== Phase 1: Landscape overview ==
=== Ureteral Stent: Concept ===
An antimicrobial ureteral stent, which inhibits encrustation and bacterial colonization while maintaining patient comfort.
The number of ureteral stents used in patients with stones 2 cm or less treated with ESWL is significant in spite of the lack scientific evidence in support of this practice. Of 1,029 urologists returning surveys, for patients with renal pelvic stones 10, 15 or 20 rnm treated with ESWL, routine stent placement was preferred by 25.3%, 57.1 % and 87.1 %, respectively. Urologists recommend using ureteroscopy rather than ESWL for distal ureteral calculi 5-1 0 mm.
== Phase 2: Deeper dive ==
=== Design Input ===
Verify if design input documents are sufficient and also verify if these input documents have been adequately linked to the product performance specifications.
=== Product Performance Specifications (PPS) ===
Verify that design inputs correlate adequately to the specifications and that appropriate design verification and validations (DV&V) are performed. Also verify if DV&V criteria are based on risk management documentation or if the criteria are based on sound statistical sampling plans. Verify that product performance specifications correspond to appropriate design output documents.
=== Risk Management documents ===
Review Risk Analysis, Design Failure Modes and Effects Analysis (DFMEA), Process FMEA, other risk management documentation. Verify that DFMEA links appropriately to the PPS. Also verify that appropriate DV&V reports and design output documents are reference correctly as risk mitigation activities in the DFMEA. Similarly verify that PFMEA links appropriately to the process validation protocol acceptance criteria and that in-process inspection procedures and/or manufacturing procedures are recorded as appropriate risk mitigation activities in the PFMEA.
=== Design Output documents ===
Drawings would be reviewed for completeness. We would recommend that Company X perform a First Article Inspection in order to verify the dimensions on the drawings.
=== Manufacturing documents ===
Review manufacturing procedures, component specifications, raw material specifications, in-coming and in-process inspection procedures for completeness. Review linkage between component and raw material specifications and appropriate in-coming inspection procedures. Ensure inspection procedures have adequate sampling plans based on PFMEA risk mitigation levels – this includes packaging and labeling materials. Review of calibration records and preventive maintenance records would be also performed. This would also include a review of the in-process / incoming inspection test methods and related test method validations.
=== Validation Report Review ===
DV&V reports, Shelf-life reports, Biocompatibility test reports, Sterilization reports, Packaging Validation reports, Process Validation Reports would be reviewed. This would also include a review of the design test methods and related test method validations.
Based on a review of the above DHF documents a potential outcome for the uretral catheter acquisition project could involve the following:
# Better explanation of existing design input documents and also better linkage between the design inputs and product specifications.
# Creation of some new test methods for design, incoming and in-process inspections and also include recommendations for the test method validations. Creation of any new DV&V data would be highly unlikely as it could potentially trigger a new submission or a note-to-file to the regulatory agencies.
# Change in raw materials to better grade materials for eg. Switching resin to a USP Class VI biocompatible resin. This would eliminate some on-going testing but require additional upfront one time biocompatibility testing.
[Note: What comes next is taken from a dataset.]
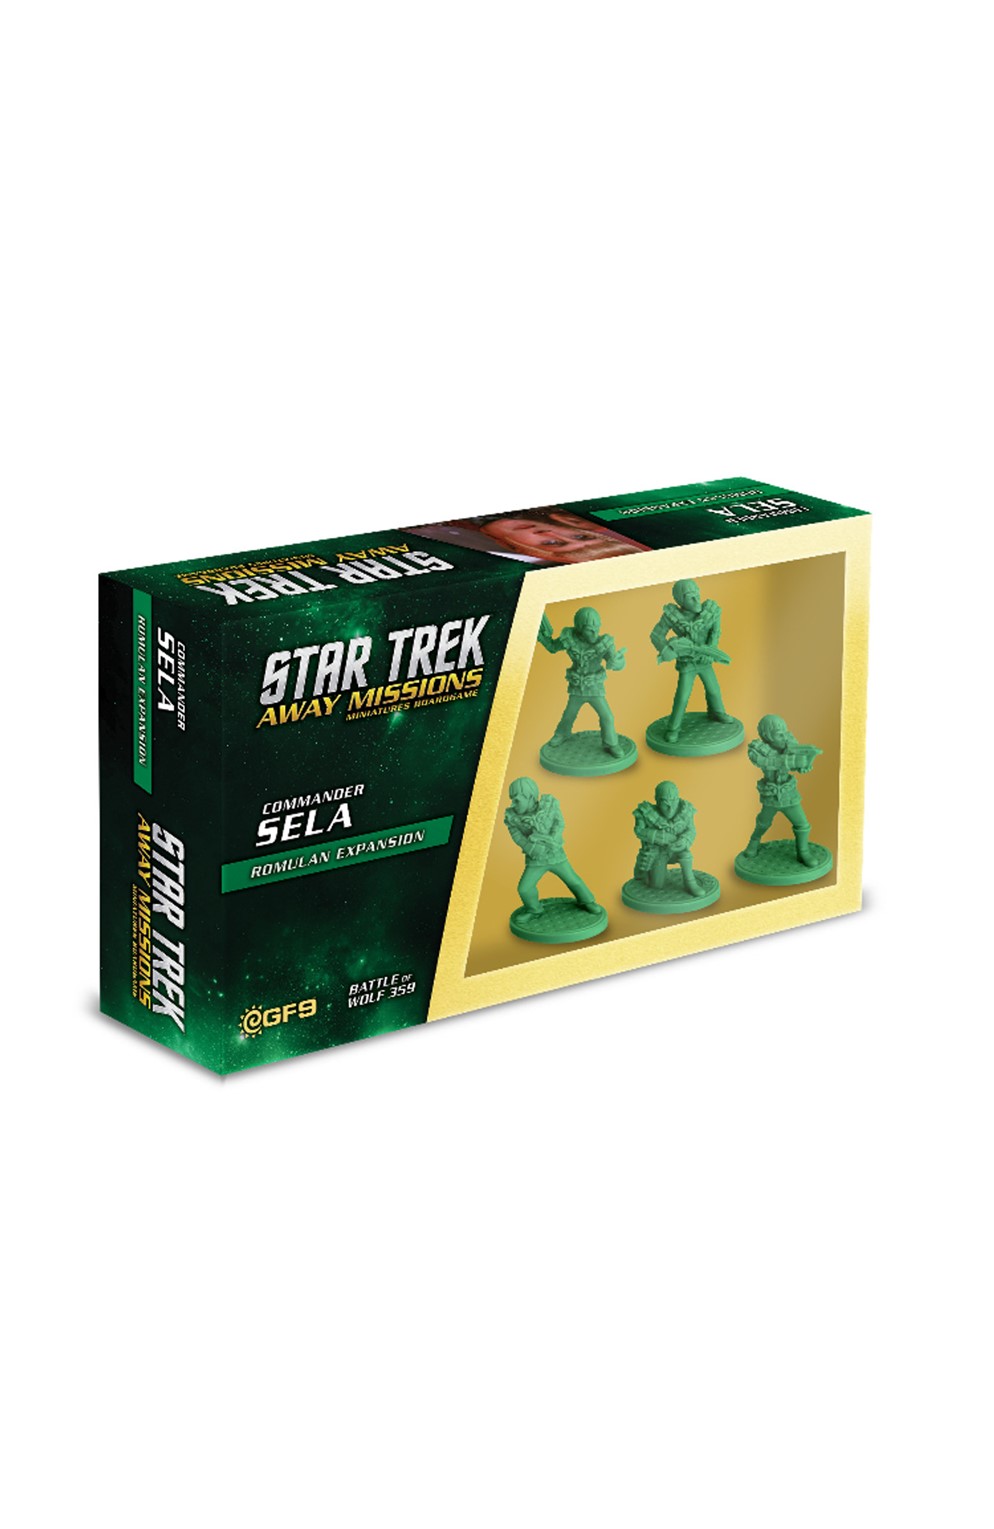 Star Trek Away Missions: Romulan - Commander Sela Expansion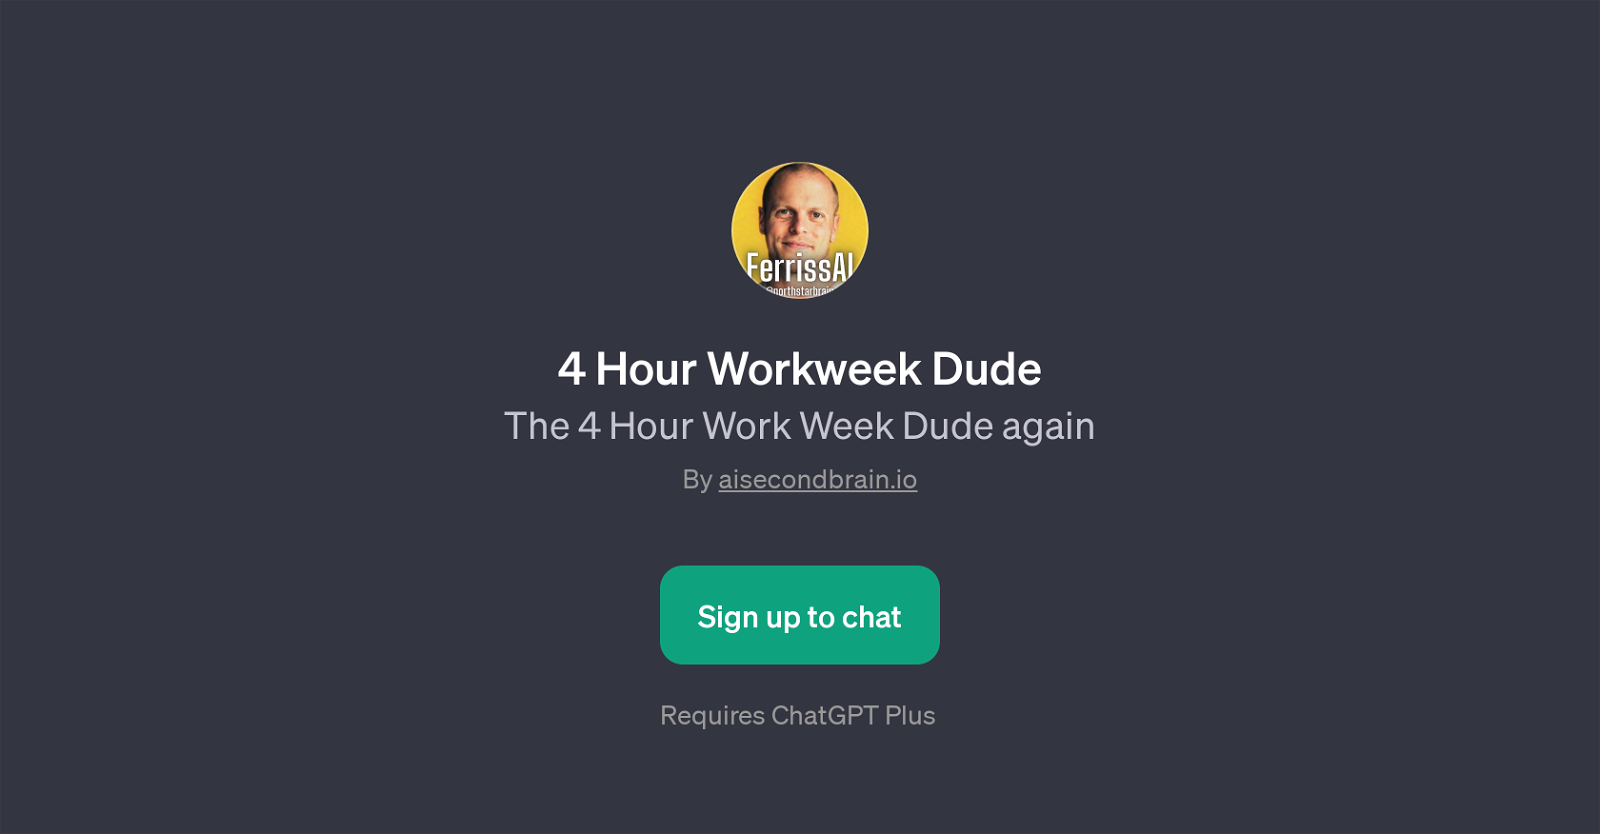 4 Hour Workweek Dude website

# Updating drawings based on results from the FAI data.
# Converting existing Company Y documents into Company X format and identifying potential gaps and streamlining linkage between raw material specifications and inspection procedures.
# Identifying installation, operational and process qualification requirements with the assumption that no additional design verification and validation activities are required based on the fact that the device is currently approved for sale in the US and ROW.
# Recommend activities necessary for completing packaging, labeling, ship testing and shelf-life testing. Stress should be on being able to leverage existing data for shelf-life without changing the regulatory status of the device.
# Company X may want to perform additional biocompatibility testing to create an internal baseline and also update their biocompatibility files.
# Help streamline suppliers for components when switching over from Company Y to Company X. Search for existing Company X suppliers that can supply off the shelf items that Company Y may be sourcing from other vendors / suppliers.
# Identify process improvements that can be rolled into the manufacturing transfer without changing the design and impacting the existing regulatory status for the device e.g. instead of hand mixing pigment to resin use a pre-mixer to control quality of mixing and resulting extrusion or perform the molding and over-molding steps in 1 machine instead of 2 separate molding machines.